Another great example of a great undervalued player was the Houston Dynamo’s Alberth Elis. In both 2018 and 2019, Elis put up over 10 Predicted Goals Added on a salary of $650,000. DePo predicts that based on Elis’ performance alone, his xComp should have been over $825,000 in 2018, and over $1,000,000 in 2019. While most teams in MLS were paying close to $200,000 DPGA for players similar to Elis’ playstyle, Houston only had to pay ~$65,000 DPGA. 

Using this framework, we can also measure which teams spend most efficiently when it comes to finding undervalued players who outperform their salary expectations. 

In MLS over the past two years, the number one salary outperforming team has been the Houston Dynamo. This overperformance in salary has happened in part due to Elis’ consistent and stellar performances, but also in part to their data scientist, ASA’s own Sean Steffen, who helps identify other players similar to Elis to sign. Over the past two seasons, Houston had an average team salary of ~$300,000 but had an average expected salary of $430,000, saving them an average of $130,000 in salary costs per player and ~$5,000,000 in total expected compensation.

In terms of true performance of players, without taking into account the team’s budget or spend, LAFC spent only $125,000 DPGA while amassing a league-leading 88 Total Goals Added over the course of the season. LAFC also paid its players $127,000 dollars less on average than their xComp, saving the team a total of over $1,000,000 on salary costs throughout the year.

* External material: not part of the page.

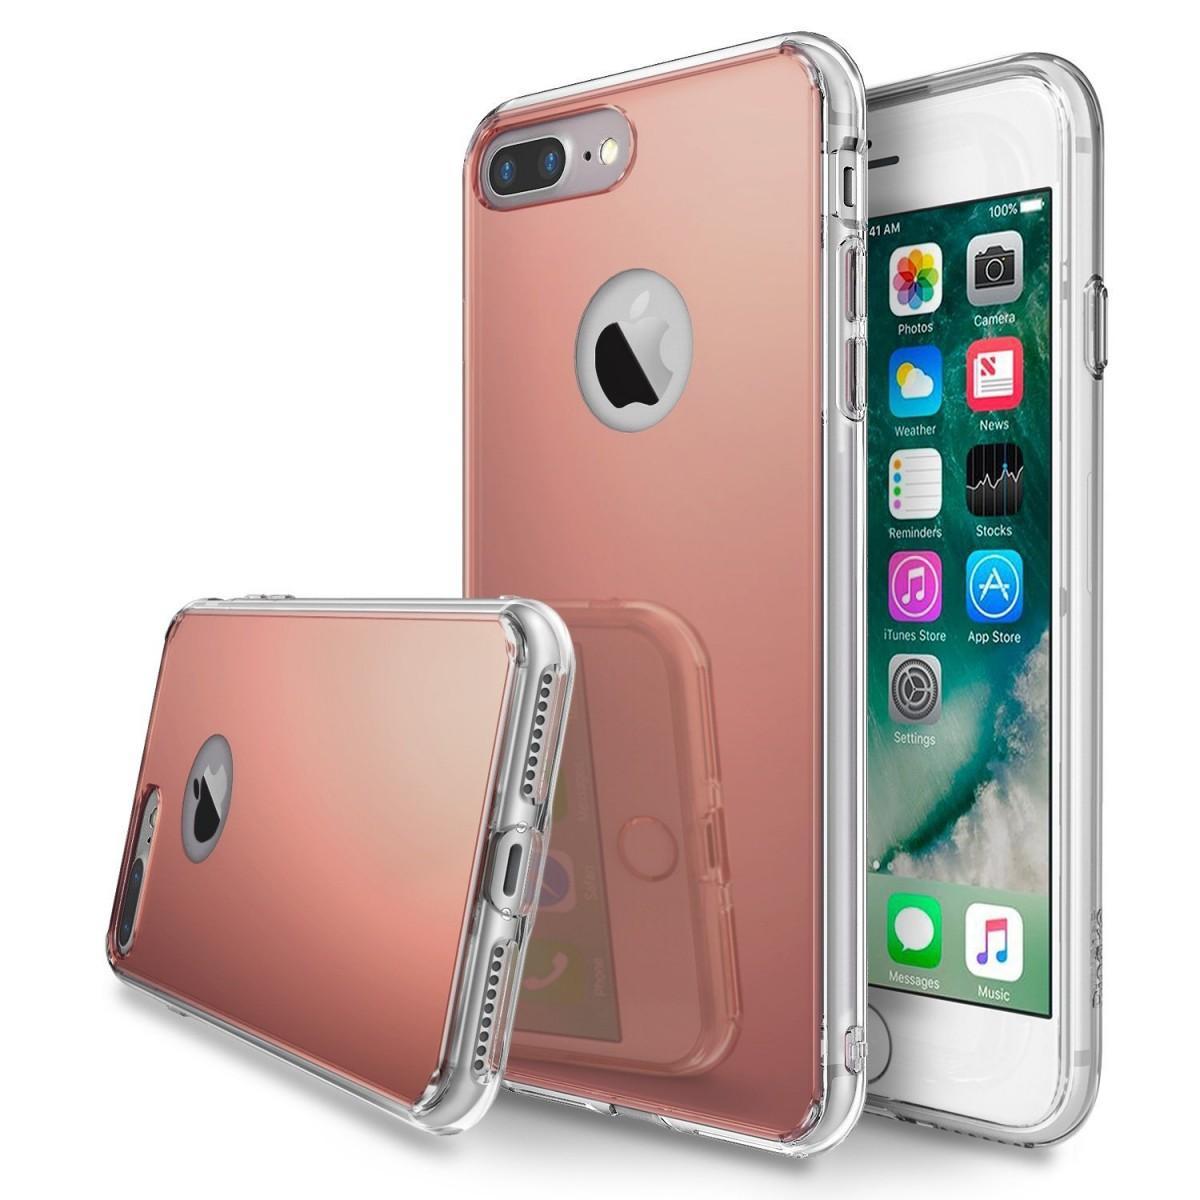 Zrcadlový kryt My Mirror pro iPhone 7 Plus - Růžově zlatý (rose gold)

Identifying Undervalued Players in Europe - The DePo Salary and Transfer Fee Models

These themes stay consistent in Europe, and Alphonso Davies can be used again as an example. His contract value for the 2019-2020 season with Bayern Munich was €588,000. Throughout the season, he amassed a whopping 7.4 estimated Goals Added in the Bundesliga. Based on his on-field performance during that campaign, DePo predicts that he should have been compensated €1,400,000—€800,000 more than his contract was worth. Bayern Munich also underpaid the Vancouver Whitecaps for Alphonso’s services. Bayern purchased Alphonso Davies in 2018 for $22,000,000, though he currently has an xMarketValue of €68,000,000. This one good piece of business will see Bayern make at least a $50,000,000 return on investment if they decide to sell Alphonso Davies. 

Chelsea, who recently had a very active transfer window, did not misplace their funds either. After Timo Werner’s 2019-2020 campaign with RB Leipzig, Chelsea signed him for about €60,000,000. The DePo xMarketValue Model predicts that Werner should have gone to Chelsea for nearly €80,000,000 based on his Bundesliga performances in the season prior. This signals that Chelsea got a great deal for a player with a high future ceiling. 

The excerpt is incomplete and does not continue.